I need help please !!!!!

Chady_Badour · April 24, 2024, 8:12pm

Sorry this is the explain result screenshot

Peter_Hubbard · April 25, 2024, 3:15pm

$group is a blocking stage, as in it needs to wait for every document to pass through before it can output your groups. The more data you can filter out in the $match stage, the better your performance will be.

However, you can see in your explain plan that the IXSCAN (index scan) phase is taking the longest. It also is looking at 3.4m keys but only return 10,000 documents. Make sure that you have an index which matches your query (the $match stage) and keep it as small as possible.

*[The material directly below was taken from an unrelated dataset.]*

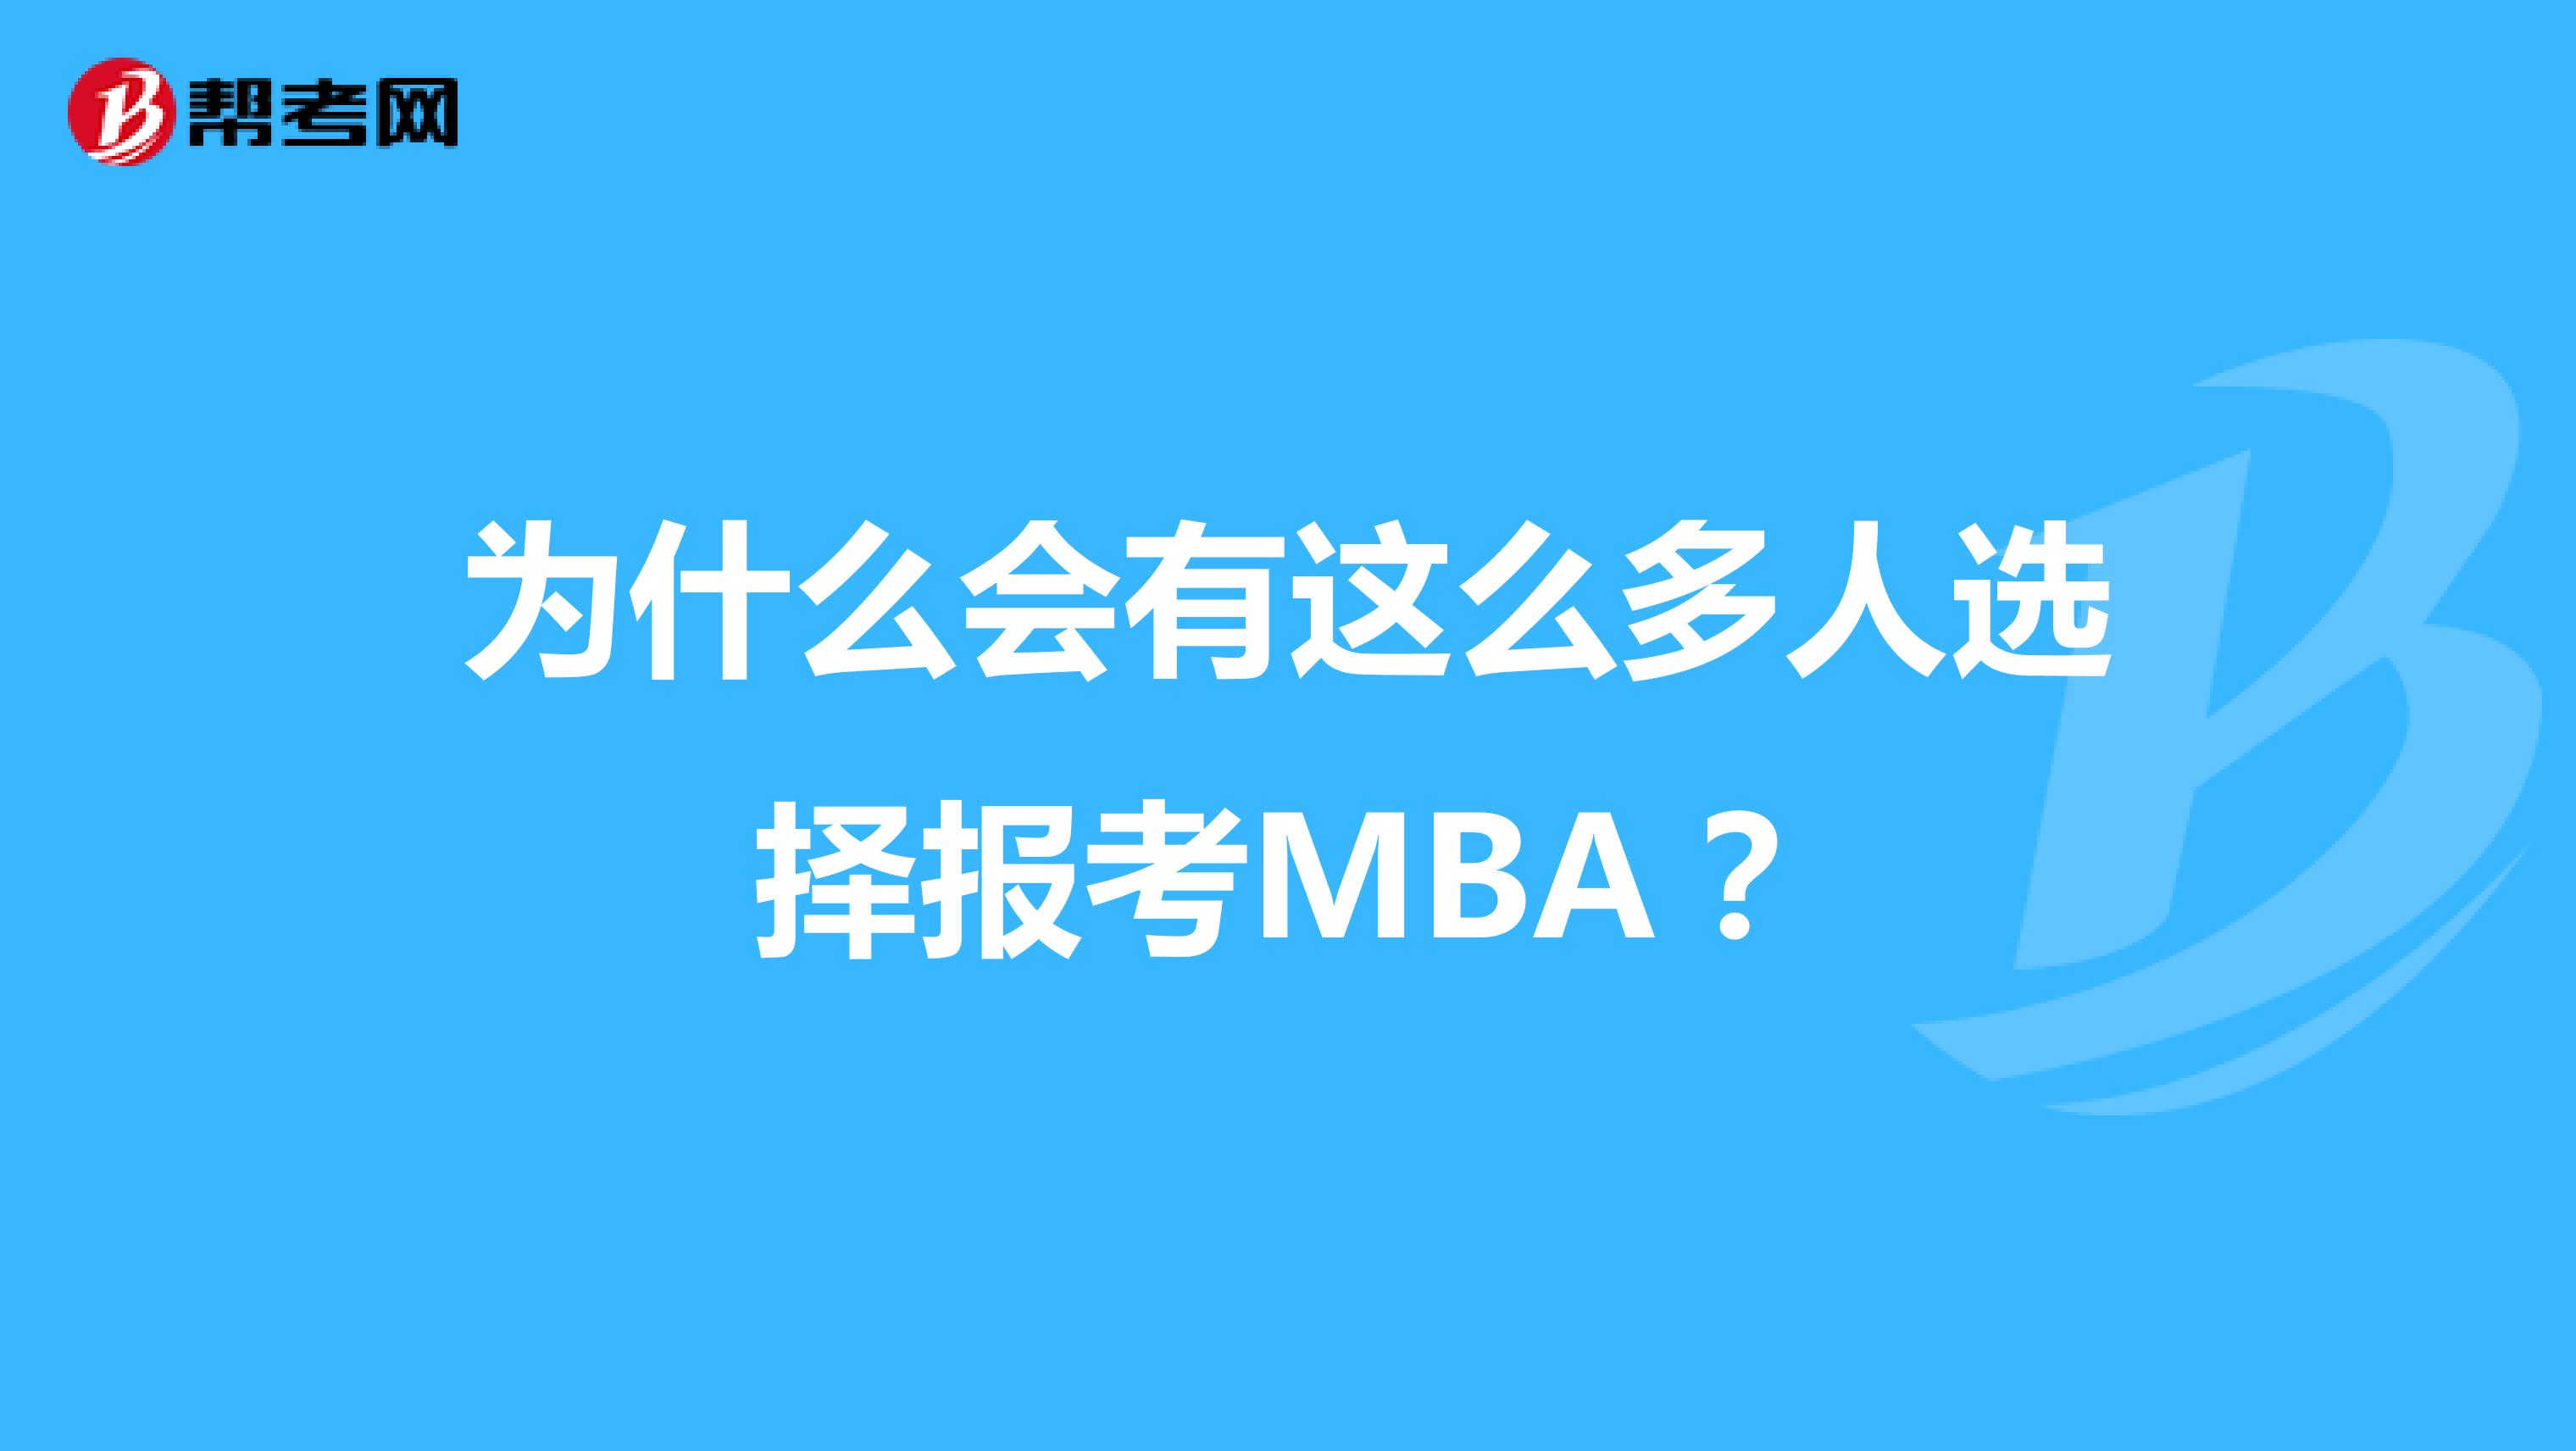 为什么会有这么多人选择报考MBA？

Chady_Badour · April 26, 2024, 7:18am

This is my update aggragation

[
  {
    $match: {
      manager_id: 4,
      day_start: {
        $gte: ISODate("2021-03-20"),
        $lte: ISODate("2025-12-25"),
      },
    },
  },
  {
    $group: {
      _id: {
        property_id: "$property_id",
        client_id: "$client_id",
        agent_id: "$agent_id",
      },
      impressions_count: {
        $sum: 1,
      },
      property_community_id: {
        $first: "$property_community_id",
      },
    },
  },
  {
    $sort: {
      impressions_count: 1,
    },
  },
  {
    $project: {
      _id: 0,
      property_id: "$_id.property_id",
      client_id: "$_id.client_id",
      agent_id: "$_id.agent_id",
      impressions_count: 1,
      property_community_id: 1,
    },
  },
]

And that is my improved explain result (Including the index that i used), the query preformance has improved a little but we still have 3740444 index keys examined.
I think my issue is with the date index, how should i create my index in this case to cover only what i need

Peter_Hubbard · April 26, 2024, 9:07am

Check the output for the following

countDocuments({
      manager_id: 4,
      day_start: {
        $gte: ISODate("2021-03-20"),
        $lte: ISODate("2025-12-25"),
      })

If this is 3740444, then that is just how many documents match the query. Your index is just helping the database to locate these documents quicker.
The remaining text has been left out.